Here you will find answers to the most frequently asked Rubix ML questions.

What environment (SAPI) should I run Rubix in?#

All Rubix programs are designed to run from the PHP command line interface (CLI). The reason almost always boils down to performance and memory consumption.

If you want to serve your trained estimators in production then you can use the Rubix Server library to run an optimized standalone model server.

To run your script using the PHP command line interface (CLI), open a terminal window and enter:

$ php example.php

Note: The PHP interpreter must be in your default PATH for the above syntax to work.

I'm getting out of memory errors#

Try adjusting the memory_limit option in your php.ini file to something more reasonable. We recommend setting this to -1 (no limit) or slightly below your device's memory supply for best results.

You can temporarily set the memory_limit in your script by using the ini_set() function.


ini_set('memory_limit', '-1');

Note: Training can require a lot of memory. The amount necessary will depend on the amount of training data and the size of your model. If you have more data than you can hold in memory, some learners will allow you to train in batches. See the section on Online learners for more information.

What is a Tuple?#

A tuple is a way to denote an immutable sequential hetorogeneous list with a predefined length. An n-tuple is a tuple with the length of n. In some languages, tuples are a separate datatype and their properties such as immutability are enforced by the compiler/interpreter, however in PHP, tuples are denoted by sequential arrays which are mutable as a side effect.

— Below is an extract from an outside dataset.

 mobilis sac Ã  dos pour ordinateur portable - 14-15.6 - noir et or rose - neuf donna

$tuple = ['first', 'second', 0.001]; // a 3-tuple

How do I import data into my project?#

There are many ways to import data into your script depending on where the data are stored. For example, if your data exist on a filesystem in comma separated (CSV) text format, you can use a library such as League CSV to read the data into memory. PHP also provides native functions for CSV manipulations if that's more your style.

What is the difference between categorical and continuous data types?#

In general, there are 2 classes of data types that Rubix ML distinguishes by convention.

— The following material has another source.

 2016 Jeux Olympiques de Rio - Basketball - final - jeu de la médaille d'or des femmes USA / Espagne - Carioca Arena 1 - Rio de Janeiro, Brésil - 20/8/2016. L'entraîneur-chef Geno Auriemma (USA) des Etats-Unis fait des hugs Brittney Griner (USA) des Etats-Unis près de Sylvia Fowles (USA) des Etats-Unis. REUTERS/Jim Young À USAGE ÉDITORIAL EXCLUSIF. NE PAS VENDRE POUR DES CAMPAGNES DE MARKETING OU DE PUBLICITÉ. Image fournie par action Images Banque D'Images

Categorical (or discrete) data are those that describe a qualitative property of a sample such as gender, city, or product category and can be 1 of k possible values. Categorical feature types are always represented as string internal types.

Continuous data are quantitative properties of samples such as age, speed, or temperature and can be any number within the set of infinite real numbers. Continuous features are represented as either floating point or integer types internally.

Does Rubix support multiprocessing?#

Yes, Rubix supports parallel processing (multiprocessing) by utilizing a pluggable parallel computing Backend under the hood. Objects that implement the Parallel interface are able to take advantage of parallel computing backends.

Does Rubix support multithreading?#

Not currently, however we plan to add CPU and GPU multithreading in the future.

Does Rubix support Deep Learning?#

Yes. Deep Learning is a subset of machine learning that involves forming higher-order representations of the input features such as edges and textures in an image or word meanings in natural language processing. A number of learners in Rubix support Deep Learning including the Multi Layer Perceptron classifier and MLP Regressor.

Does Rubix support Reinforcement Learning?#

Not currently. Rubix is for supervised and unsupervised learning only.